Download image from Url(s) in a Json File

I am new here and have problems to read all URL’s from a JSON file.
You can find my workflow here. Maybe there is someone who can help me?

I create a HTTP request to the JSON file. In another request I say that I want to get the “coverImgUrl” as a file, so I can read it as a URL and copy the file behind it to my FTP.

This works with the first object [0] in the JSON file. However, I have multiple objects with different “coverImgUrl”.

How do I get this workflow implemented so that also
https:{{$node[“HTTP Request”].json[“x”][“coverImgUrl”]}}
is executed?

X here stands for all other entries with a URL

Hi @gnrmarcel, welcome to the community!

Try enabling the Split Into Items option of the HTTP Request node. This would cause the result array to be parsed by n8n (meaning you get 141 individual items rather than 1 item with 141 properties like [0], [1], [2], etc.

On the second node you could then use an expression such as https:{{$json["coverImgUrl"]}} to download the file from coverImgUrl for every single incoming item:

As a workflow, this would look like so:

When running this, keep an eye on the memory consumption of your n8n instance - n8n would by default keep all items in memory during the workflow execution, so depending on how big the files are this might cause trouble.

Hope this helps! Let me know if you have any further queries on this (or in case you need to optimize the memory usage) :slight_smile:

Thank you for your fast answer!

Thank you for the quick reply.
Yes, the workflow works now for all objects / URL’s.

But unfortunately the upload to FTP does not work now, because probably the amount of data is too big.

“Request failed with status code 413”

Is there possibly a way to reduce this amount of data or to limit the upload “cover” (URLs)? Then the upload takes longer but I would appreciate it if I could transfer all images via this workflow.

So the 413 error wouldn’t indicate a memory problem but is merely an indicator of an unexpectedly large dataset. So as a first step you might want to crank up the value of the N8N_PAYLOAD_SIZE_MAX environment variable big time.

As for avoiding processing a large amount of data at once you might want to split up your workflow into two smaller workflows. In your “parent” workflow, fetch the list of URLs you want to process and split them up into smaller batches. In your “child” workflow, you’ll then process each batch individually and make sure to only return a very small dataset to the parent (something like "success": true perhaps).

Parent example

Child example

Make sure to update the workflow ID used in the Execute Workflow node in the parent so it points to the workflow ID of the child workflow:

image

You can find the right ID in the URL after saving the child workflow:

image

This should leave you with 141 files on your FTP and only a small amount of data in the parent workflow :slight_smile:

1 Like

Thanks for the answer.
I have reduced the number of URLs in the JSON file to 10 for testing and already the workflow is going through correctly as I would like.

Since I am new to n8n, I am currently still using the macOS app for “testing”.

Now, to set up a parent and child workflow, I guess I need a self-hosted instance of n8n? I’ll have to see if I can find a suitable webspace / hoster here.

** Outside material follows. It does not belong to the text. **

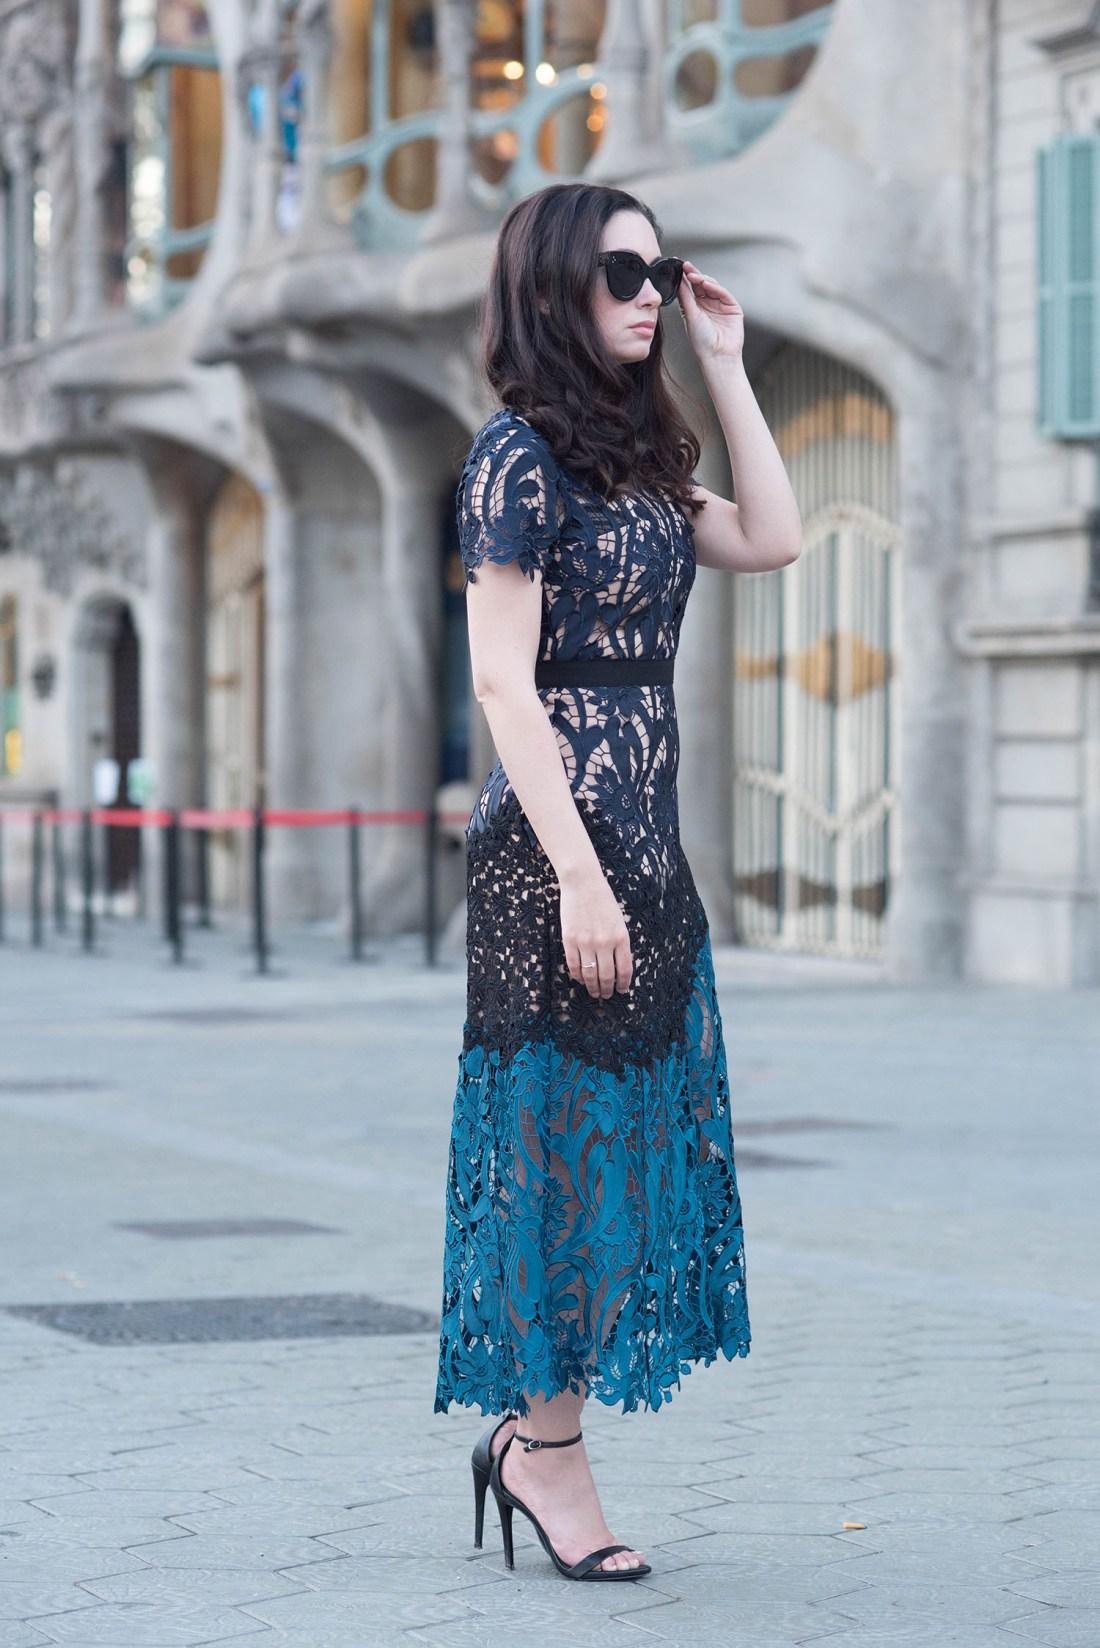 Barcelona street style on fashion blogger Cee Fardoe of Coco & Vera, wearing Self-Portrait

Hey @gnrmarcel, this approach would also work on the desktop apps, but finding out the workflow ID through the URL would be a bit tricky indeed (since you don’t see the URL).

So my suggestion would be to “download” the workflow from the app like so:

The ID would then appear in the exported file like so:

Alternatively you could access n8n desktop through your browser (http://localhost:5679) in which case you’d see the URL. The required username and password can be shown through the Auth menu of the desktop app:

image

As for self-hosting you could consider Oracle Cloud if you’re looking for a free option for which I’ve written a tutorial a while back. Pretty much any other VPS provider should do the job as well though.

Thanks … through your website I saw that you are from D-A-CH? Blog is definitely subscribed for n8n news :slight_smile:

Btw, the parent / child workflow thing works, but only if I set the SplitinBatches to 1 and then the download is done directly within a few seconds … only the parent workflow still works through “all” URL’s

PS: It all works even if you disable SplitinBatches Translated with DeepL Translate: The world's most accurate translator (free version)

1 Like

Btw, the parent / child workflow thing works, but only if I set the SplitinBatches to 1 and then the download is done directly within a few seconds … only the parent workflow still works through “all” URL’s

It’ll also work with larger batches, provided you disable the mock data node in your child workflow. This is how it looks like (at the end you’ll see the result on the FTP server):

https://www.thomasmartens.eu/wp-content/uploads/2022/08/Firefox-Hqfj8xn0bj.mp4

What happens here is that only the current batch of files is kept in memory. On the next loop the memory is made available again for the next batch. This is usually only necessary if you download large amounts of data though (but is definitely good to have in the back of your mind for such use cases).